── The data ──

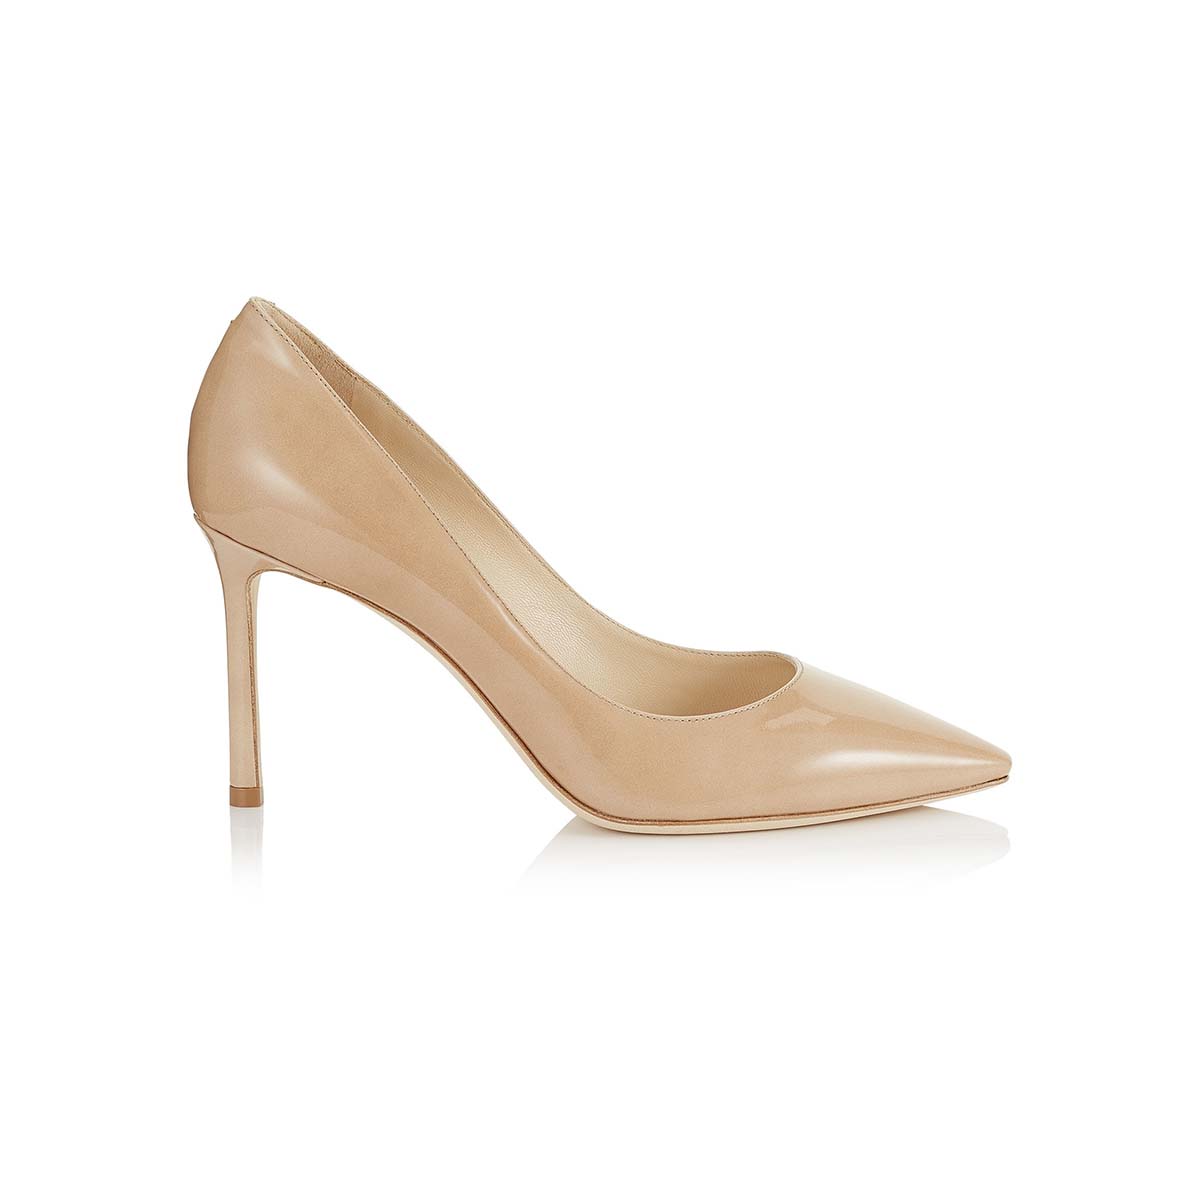 Jimmy Choo Women Romy 85 Patent Leather Pointy Toe Pumps Shoes-Beige
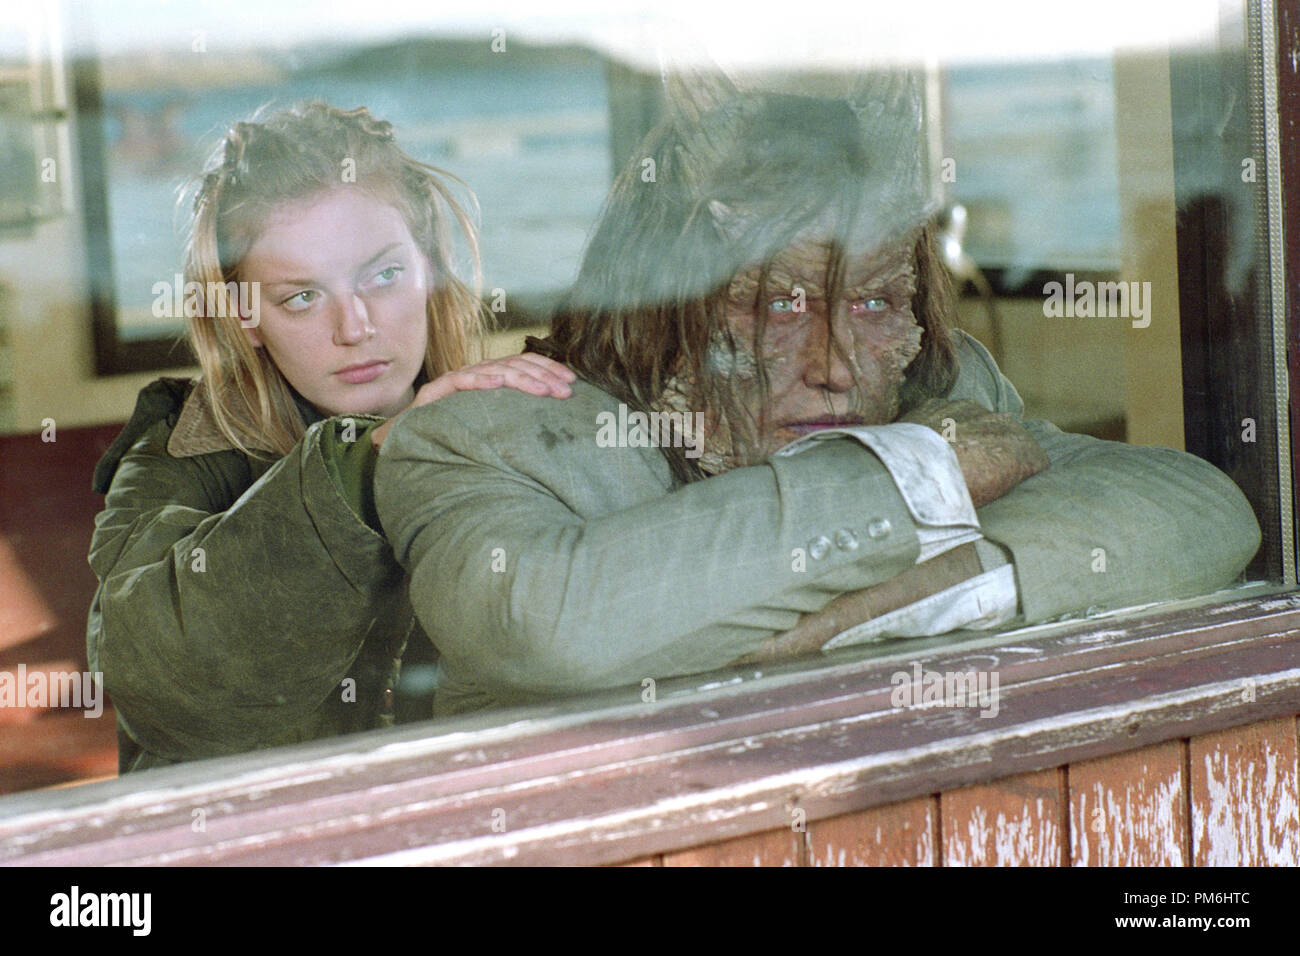 Film Still / Publicity Still from 'No Such Thing' Sarah Polley, Robert John Burke © 2001 United Artists Photo credit: Richard Sylvarnes  File Reference # 30777007THA  For Editorial Use Only -  All Rights Reserved Stock Photo
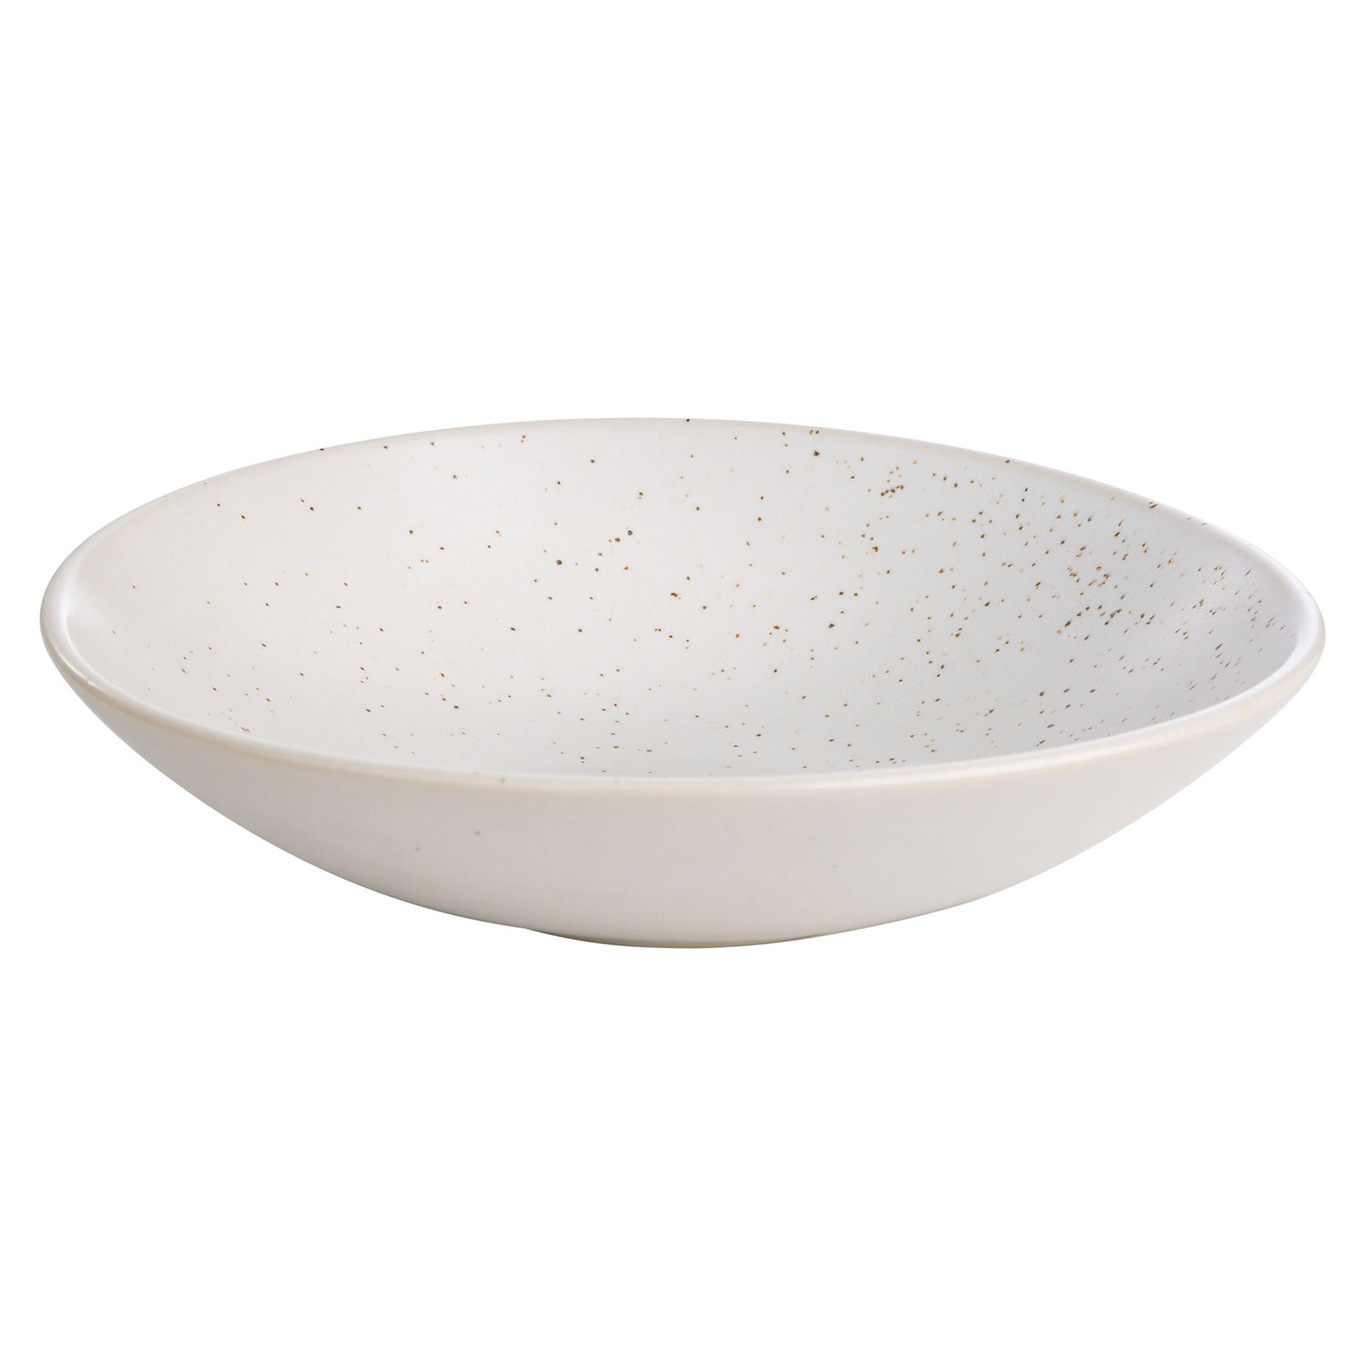 Deep Plate Stoneware, 22 cm White-spotted

───

> [What the task asks] Copy exactly, and copy only, the lines from the one bearing "Film Still /" through the closing line of the material, with both ends kept and pictures removed.

> [Solution for this problem]
 Film Still / Publicity Still from 'No Such Thing' Sarah Polley, Robert John Burke © 2001 United Artists Photo credit: Richard Sylvarnes  File Reference # 30777007THA  For Editorial Use Only -  All Rights Reserved Stock Photo
 Deep Plate Stoneware, 22 cm White-spotted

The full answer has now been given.